Мягкий франко-швейцарский акцент, взаимные приветствия, неторопливо-приятный его монолог: «Я много работал над вашим делом, милостивый государь. Наш друг Ш. предоставил мне исходные данные. Полной ясности пока нет, но главное, думается, я уже четко различаю. Короче говоря, эта кража вашей рукописи как-то связана, по моему мнению, с молодежью, с семьей, с домами и с деньгами. Или, если вам угодно, я усматриваю в ней средство, с помощью которого молодые (он произносит „маалаадые“) хотят вас заставить услышать их. Это сигнал, своеобразный зов. Кража наверняка произошла в доме, вероятно в загородном, куда на лето выезжают семьи, и в дальнейшем она станет средством вымогать у вас деньги…

— Обычный шантаж?

— Шантаж? Не упрощайте! Задумайтесь над тем, что мы не слишком великодушны к маала-адым… Я уверяю вас: это средство воззвать к вам, нарушить ваше спокойствие, не оставить вас равнодушным. Средство несколько жестокое, согласен. По моему разумению, рукопись вам вернут, но не сразу, не раньше чем через одиннадцать месяцев, и это станет итогом сложных переговоров…» И т. д.
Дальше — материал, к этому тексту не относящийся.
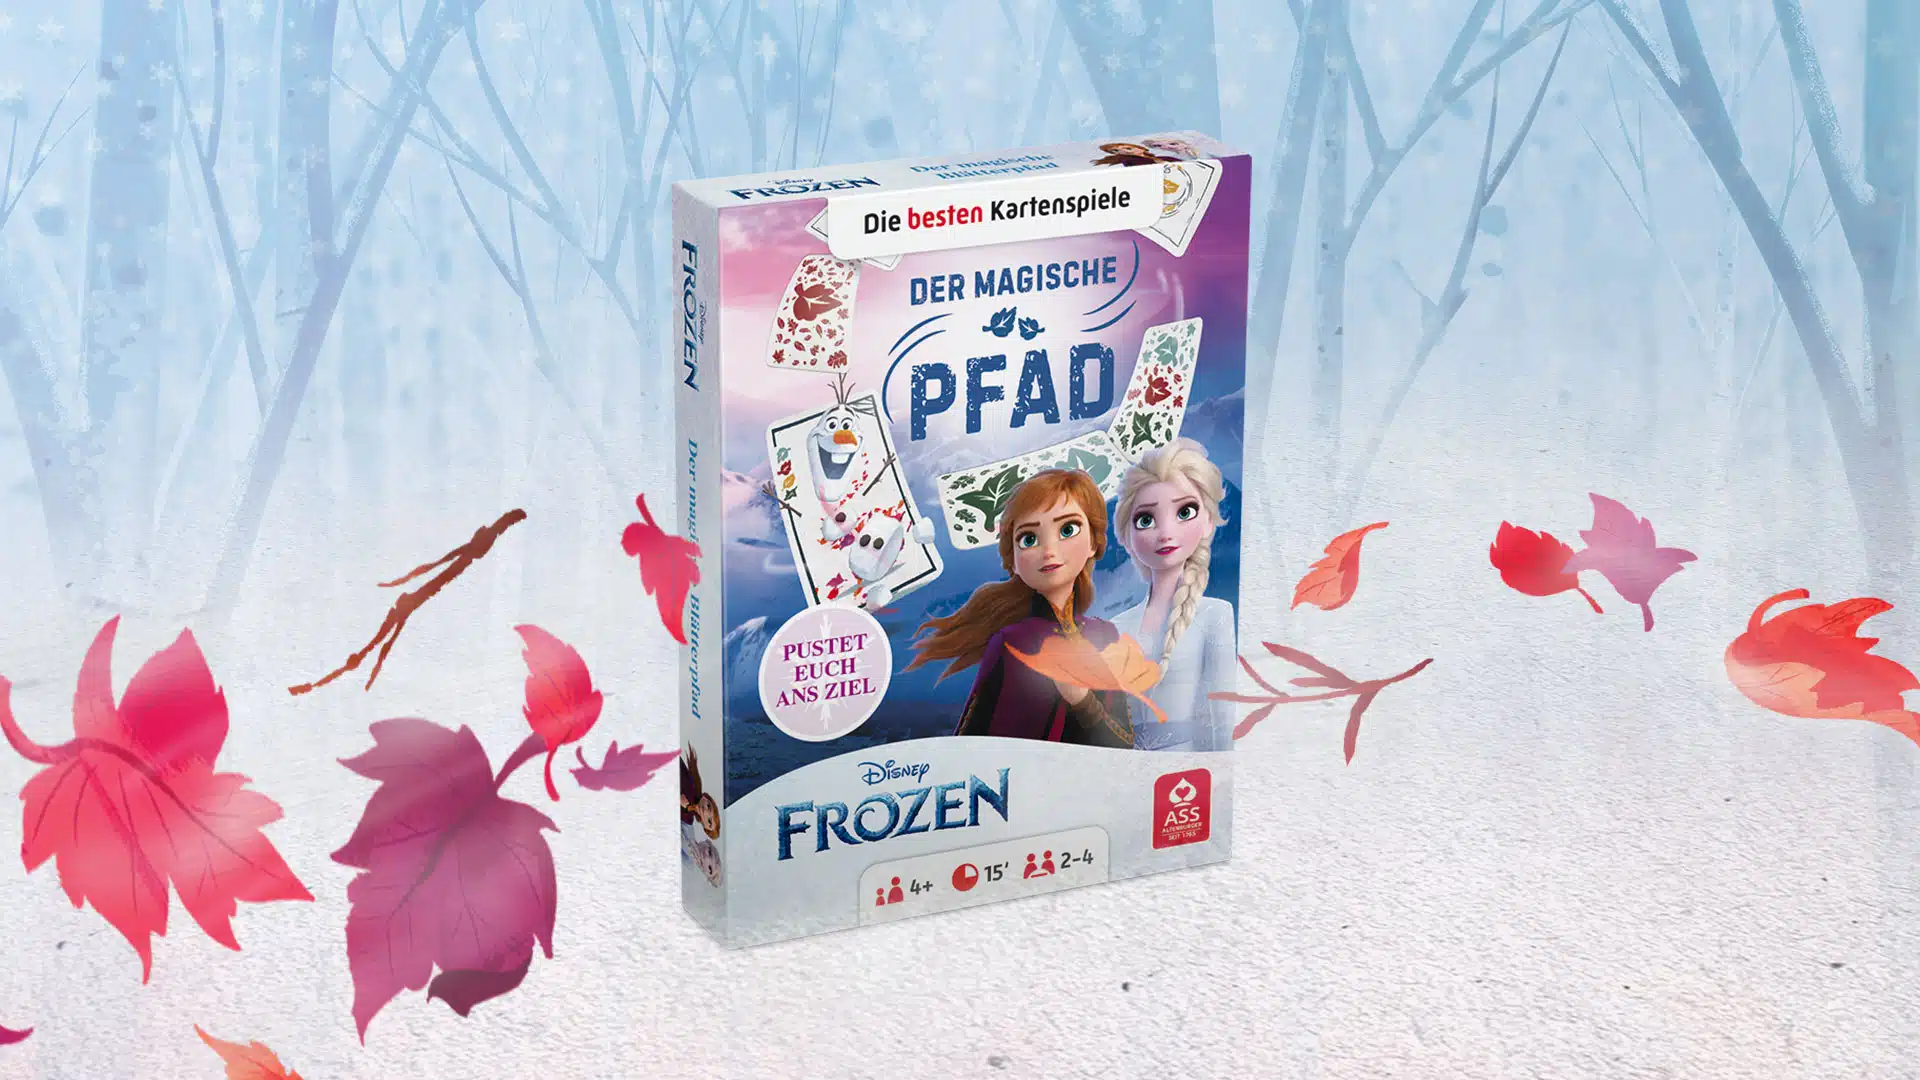 Das Disney Frozen der magische Pfad Spiel steht auf einem verschneitem Untergrund. Im Hintergrund ist ein verschneiter Wald zu erkennen, um das Spiel herum fliegen ein paar bunte Laubblätter im Wind.

За этими словами, мне казалось, я улавливал, что ясновидящий (или надо говорить «провидец», «медиум»?) ненавязчиво читает мне мораль. Он намекает мне на то, чтобы я испытал свою совесть и определил, питаю я или не питаю интерес к молодежи, к ближнему, к беднякам, к бунтарям. Все это вполне в духе швейцарцев, в конце концов. Вода в Женевском озере более или менее святая. Я робко напоминаю моему собеседнику (или, будем великодушны, сообщаю ему), что инцидент произошел не в доме, а в толпе отдыхающих на аэровокзале. Что они не прокрались тайком в «кабинет Франсуа» (письменный стол из темной канадской березы, на нем — растрепанные тома словаря Литтре), в глубь семейного владения (орущие дети, подростки, целующиеся в душной теплице с разбитыми стеклами), а затолкав меня вполне в стиле бразильцев, югов, цыган или попросту марсельцев, увели чемоданчик, в котором находились пачка банкнот, драгоценности, авторучка из поддельного золота и прекрасные подлинные документы, удостоверяющие личность, что, в качестве добычи, значили больше, чем рукописная и неразборчивая история любви.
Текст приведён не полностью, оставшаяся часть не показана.